The comment seems to contradict the code. We are decreasing bufsiz even
when parsing is done. This seems especially inconsistent given that we
do not adjust the offset in that case.

How about removing that if-statement for now? I am not sure we should be
called after we are done, but the current -=n adjustments seem benign
enough to let them be, at least for now.

> +
> +#if WHEN_INCREMENTAL_PARSING
> +
> + // if have not yet finished request-line
> + if (completedState_ == HTTP_PARSE_NEW) {
> + // check for and adjust the known request-line offsets.
> +
> + /* TODO: when the first-line is parsed incrementally we
> + * will need to recalculate the offsets for req.*
> + * For now, they are all re-calculated based on parserOffset_
> + * with each parse attempt.
> + */
> + }
> +
> + // if finished request-line but not mime header
> + // adjust the mime header states
> + if (completedState_ == HTTP_PARSE_FIRST) {
> + /* TODO: when the mime-header is parsed incrementally we
> + * will need to store the initial offset of mime-header block
> + * instead of locatign it from req.end or parseOffset_.
> + * Since req.end may no longer be valid, and parseOffset_ may
> + * have moved into the mime-block interior.
> + */
> + }
> +#endif

I am not sure those comments accurately reflect the best path forward. I
suggest removing them for now so that we do not have to argue about it.

> + // stage 1: locate the request-line
> + if (completedState_ == HTTP_PARSE_NEW) {
> + if (skipGarbageLines() && (size_t)bufsiz < parseOffset_)
> + return false;
> + }
> +
> + // stage 2: parse the request-line
> + if (completedState_ == HTTP_PARSE_NEW) {

There are two ways to implement the above correctly IMO:

A) Use one HTTP_PARSE_NEW state. Always try to skip garbage.
B) Use two states. Skip garbage in the first state only.

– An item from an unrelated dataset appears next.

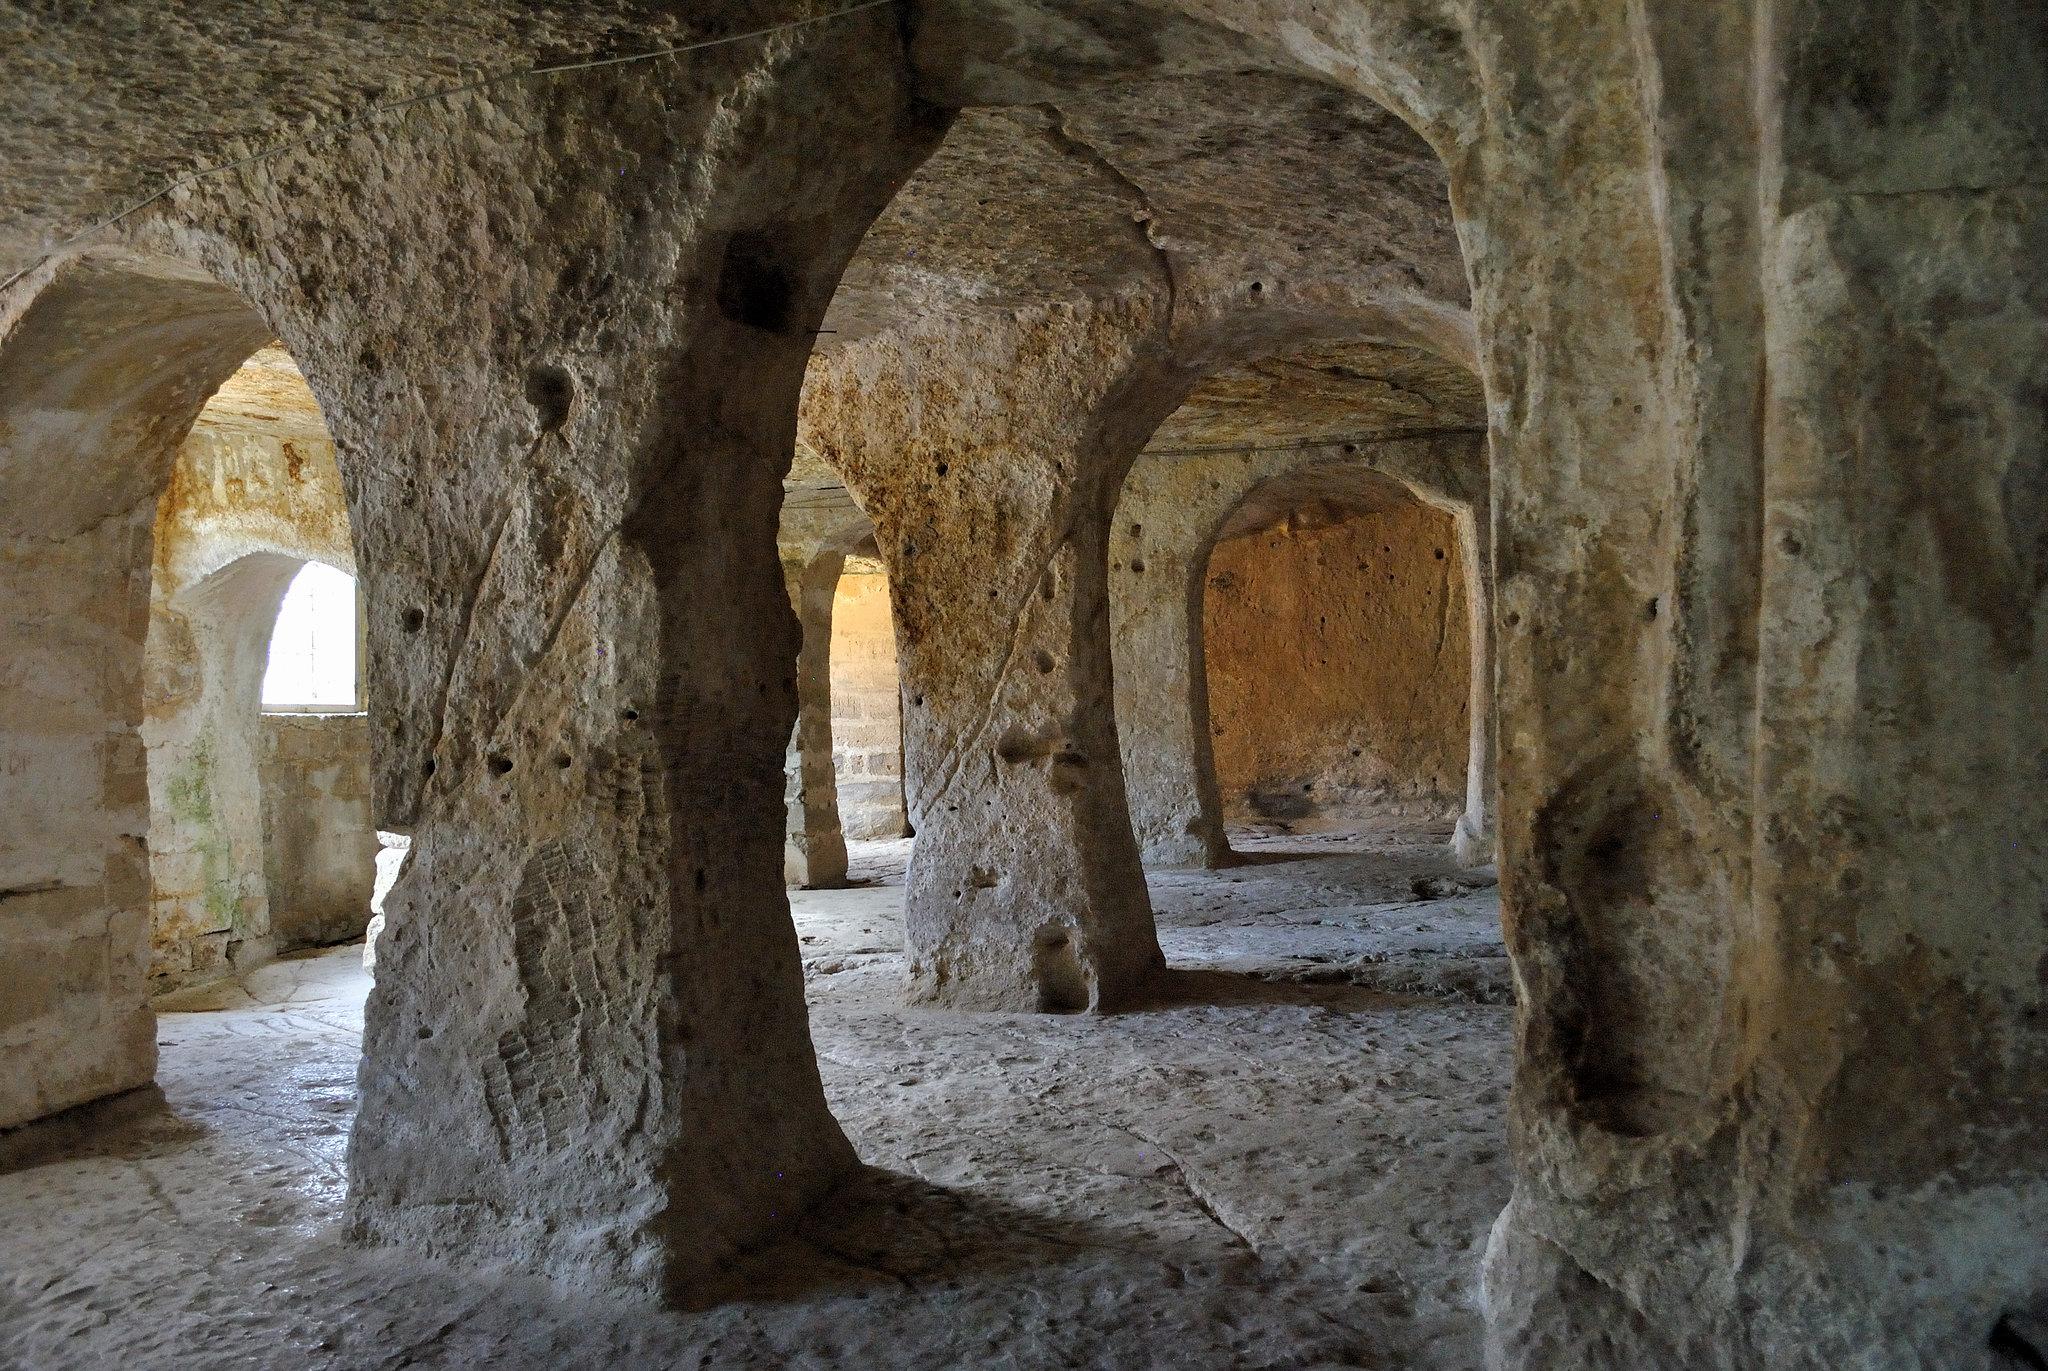 Le chiese sotterranee di Gravina di Puglia
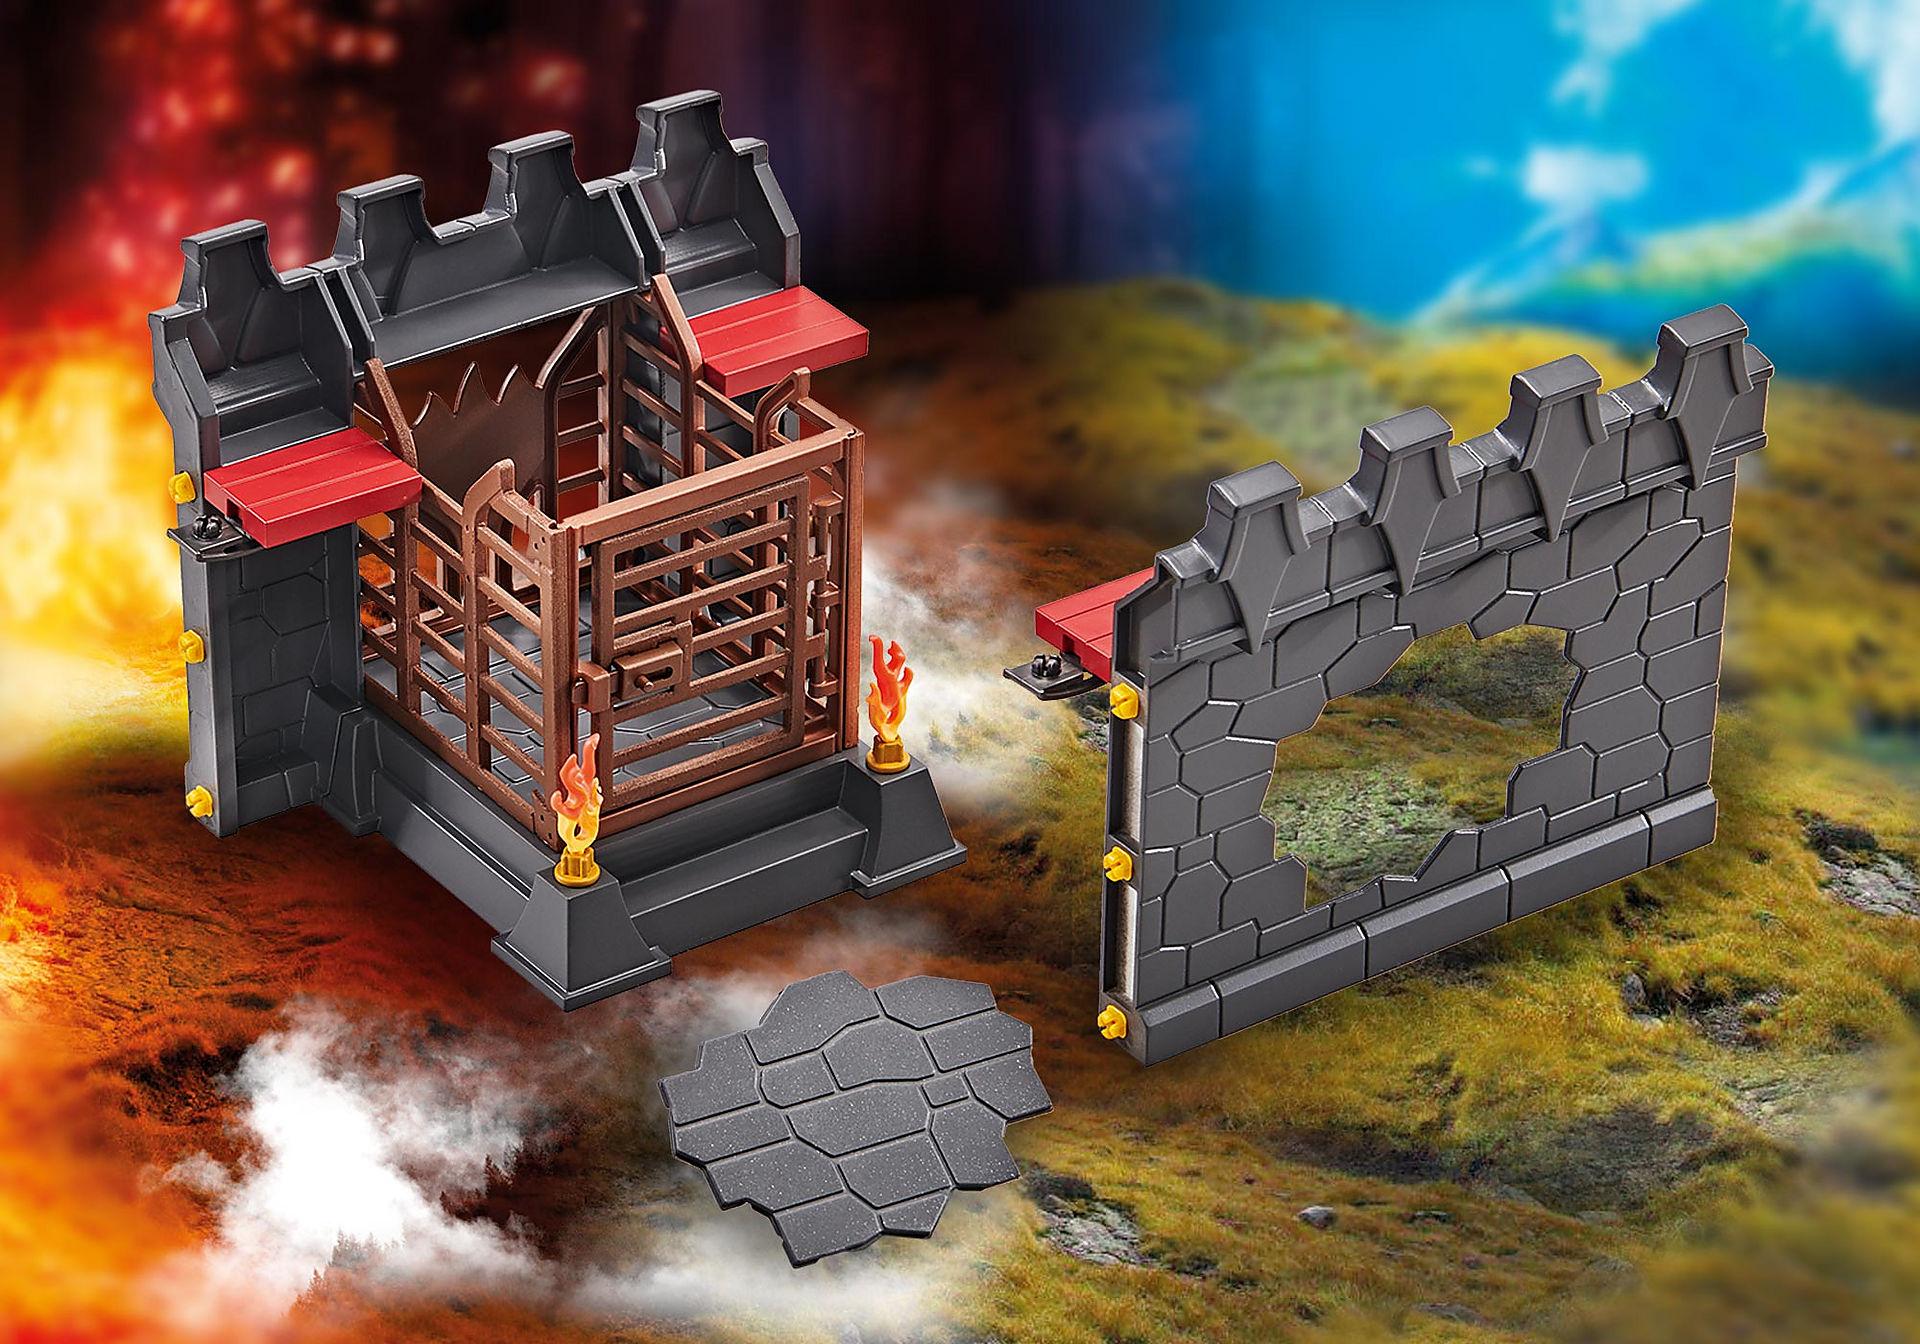 9841 Επέκταση Τείχους με φυλακή και ρήγμα στα τείχη για το Φρούριο των Ιπποτών του Μπέρναμ zoom image1

You appear to be doing (A) so I will focus on that one. In that
approach, we should not try to optimize the second call away (it
probably wastes a couple of CPU cycles now and is likely to lead to
buggy code eventually). The code should look like this instead:

     // stage 1: parse optional whitespace followed by request-line
     if (completedState_ == HTTP_PARSE_NEW) {
         _start(HttpParserParseReqLine);
         skipGarbageLines();
         int retcode = parseRequestFirstLine();
         ...
     }

If you disagree, I will write another email suggesting that the first
if-statement is buggy, but I would rather not spend time on that now.

> + int retcode = parseRequestFirstLine();

Please make const if possible.

> + /// attempt to parse a message from the buffer
> + virtual bool parse() = 0;

Please document what either "true" or "false" return value means. Parsed
everything? Keep going? Etc. This is important for code correctness.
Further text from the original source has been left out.